The scale height is a useful way to describe how the atmospheric pressure decreases with altitude. From Wikipedia,
For planetary atmospheres, scale height is the increase in altitude for which the atmospheric pressure decreases by a factor of $e$. The scale height remains constant for a particular temperature. It can be calculated by
$$H = \frac{RT}{Mg}$$
where $R$ is the gas constant, $T$ is the temperature in Kelvin, $M$ is the mass of 1 mole of atmospheric particles, and $g$ is the gravitational acceleration.
That formula assumes that $T$ and $g$ are constant. With a bit of calculus, we can produce a formula that handles the variation in $g$ with altitude, but that's not really necessary, since $g$ at the Kármán line isn't much lower than what it is at sea level. The variations due to $T$ are much more significant, and it's not easy to measure those from the ground, even with modern technology, but using weather balloons we did have a fairly good idea how the atmospheric temperature varies before the space era began.
Here are some typical scale height values for Earth, courtesy of Wikipedia:
Temp (K) |
Height (m) |
290 |
8500 |
273 |
8000 |
260 |
7610 |
210 |
6000 |
Eg, if the scale height is $H = 8500$ m, then $6H=51$ km, and $e^{-6}\approx0.00248$, so the air pressure at $51$ km is around $\frac14$% of the sea level pressure.
Curiously, that Wikipedia article gives no historical info regarding when we first learned about scale height. However, the article on the barometer does mention that
However, Pascal went even further to test the mechanical theory. If, as suspected by mechanical philosophers like Torricelli and Pascal, air had weight, the pressure would be less at higher altitudes. Therefore, Pascal wrote to his brother-in-law, Florin Perier, who lived near a mountain called the Puy de Dôme, asking him to perform a crucial experiment.
Perier was to take a barometer up the Puy de Dôme and make measurements along the way of the height of the column of mercury. He was then to compare it to measurements taken at the foot of the mountain to see if those measurements taken higher up were in fact smaller. In September 1648, Perier carefully and meticulously carried out the experiment, and found that Pascal's predictions had been correct. The column of mercury stood lower as the barometer was carried to a higher altitude.

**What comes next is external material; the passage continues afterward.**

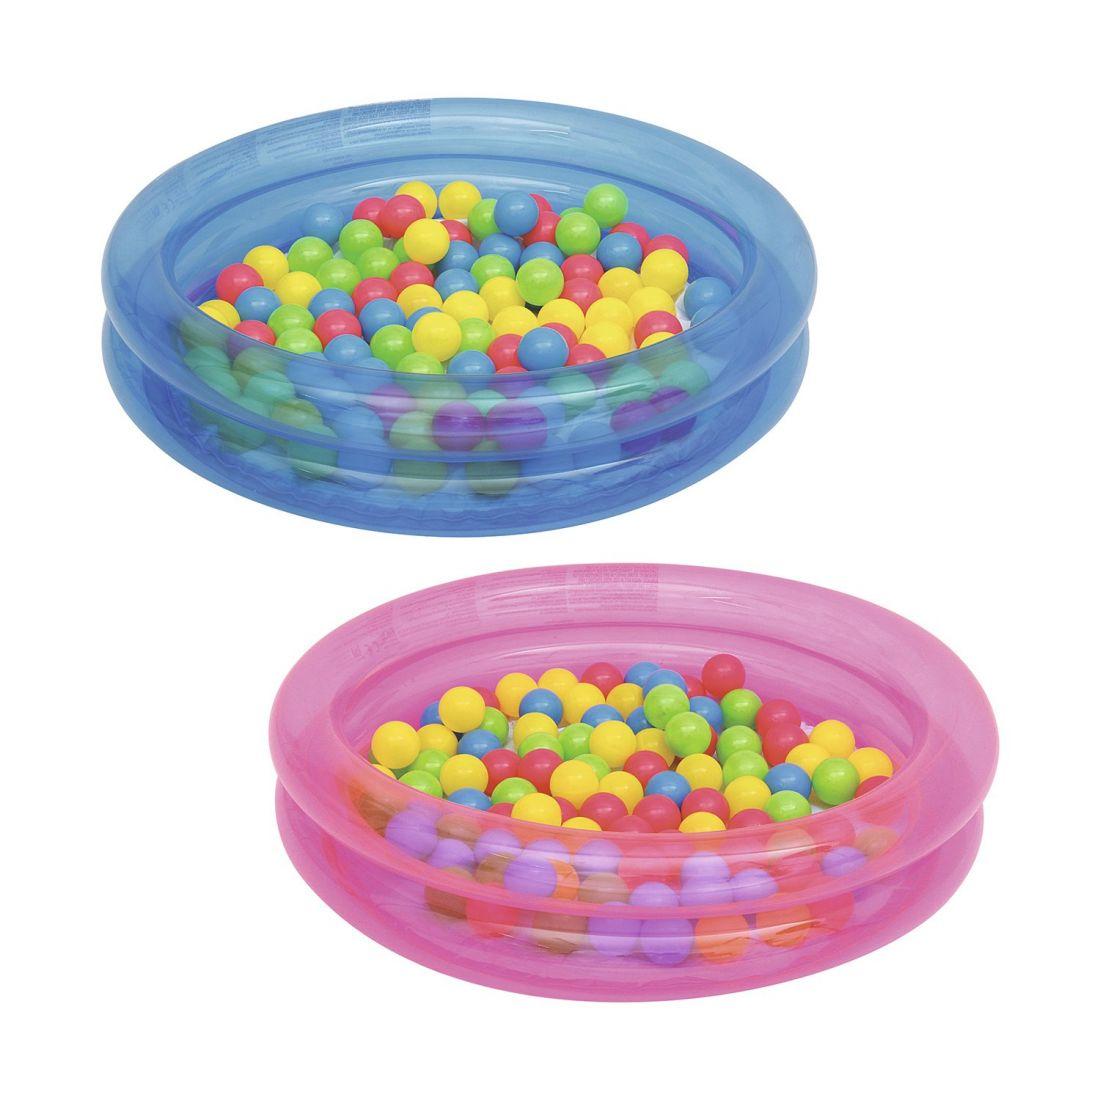 Бассейн с 50 шариками 91 х 20 см, 73 л. 2 цвета в ассортименте
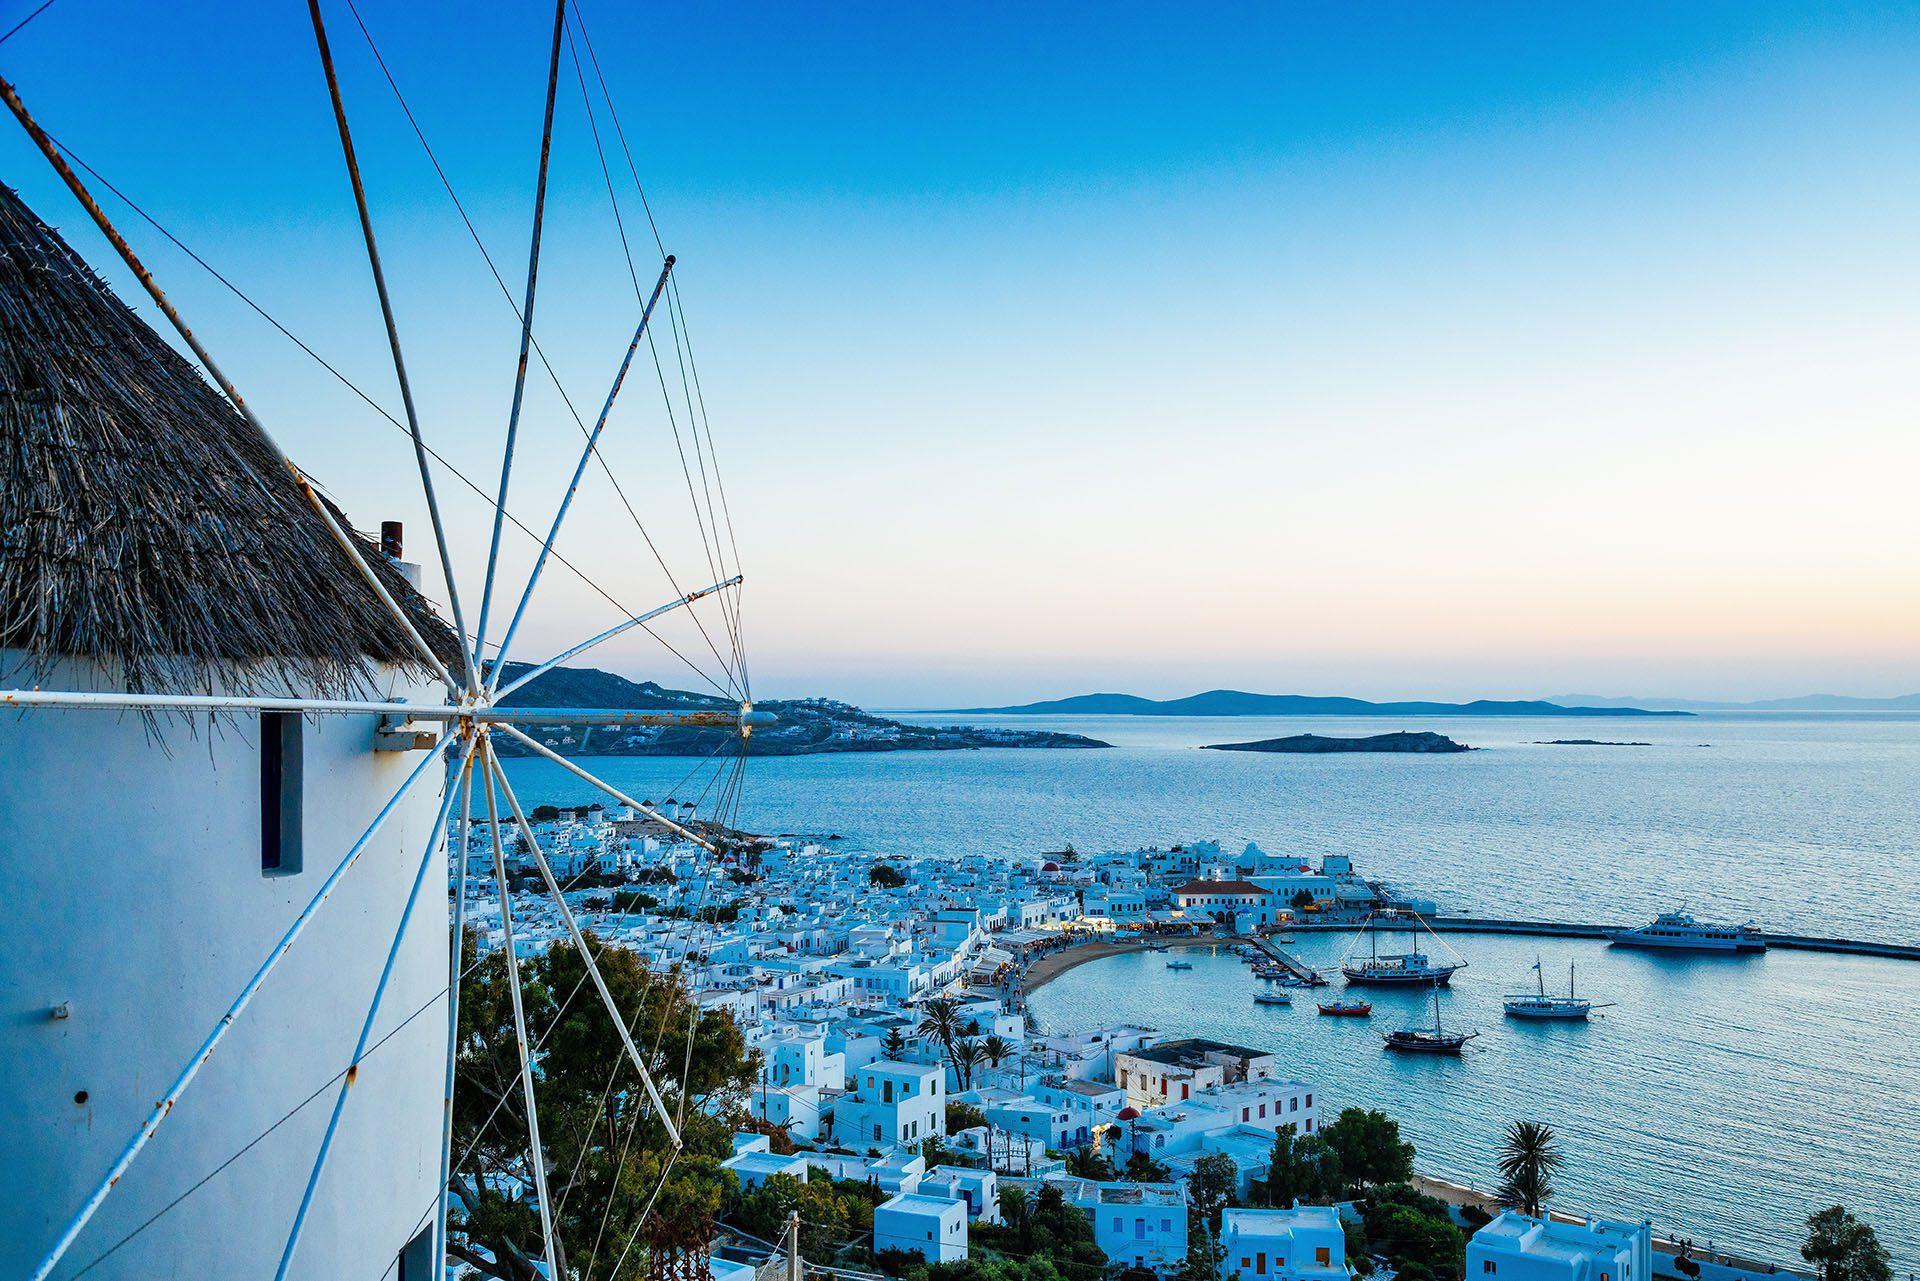 Visite gay de Mykonos

In the subsequent years, variations on this experiment have been performed, measuring temperature as well as barometric pressure, and carefully recording the time of measurement.
By the dawn of the space era, sensitive barometric pressure measurements were the standard way for aviators to determine their altitude, so estimating the air pressure at orbital altitudes was a simple exercise for any aeronautical navigator. See Altimeter for details.
The change in temperature with altitude is generally known as the lapse rate. From Wikipedia,
The lapse rate is the rate at which an atmospheric variable, normally temperature in Earth's atmosphere, falls with altitude.
[...]
The environmental lapse rate (ELR), is the rate of decrease of temperature with altitude in the stationary atmosphere at a given time and location. As an average, the International Civil Aviation Organization (ICAO) defines an international standard atmosphere (ISA) with a temperature lapse rate of $6.50$ ºC/km from sea level to $11$ km. From $11$ km up to $20$ km the constant temperature is −56.5 °C, which is the lowest assumed temperature in the ISA. The standard atmosphere contains no moisture.
Unlike the idealized ISA, the temperature of the actual atmosphere does not always fall at a uniform rate with height. For example, there can be an inversion layer in which the temperature increases with altitude.
The behaviour of dry air is relatively simple to model. Moist air is much more complicated because water vapour is not well-modelled as an ideal gas. Water has a substantial latent heat of vaporisation, so it has a big effect on the air temperature when it vaporises and condenses.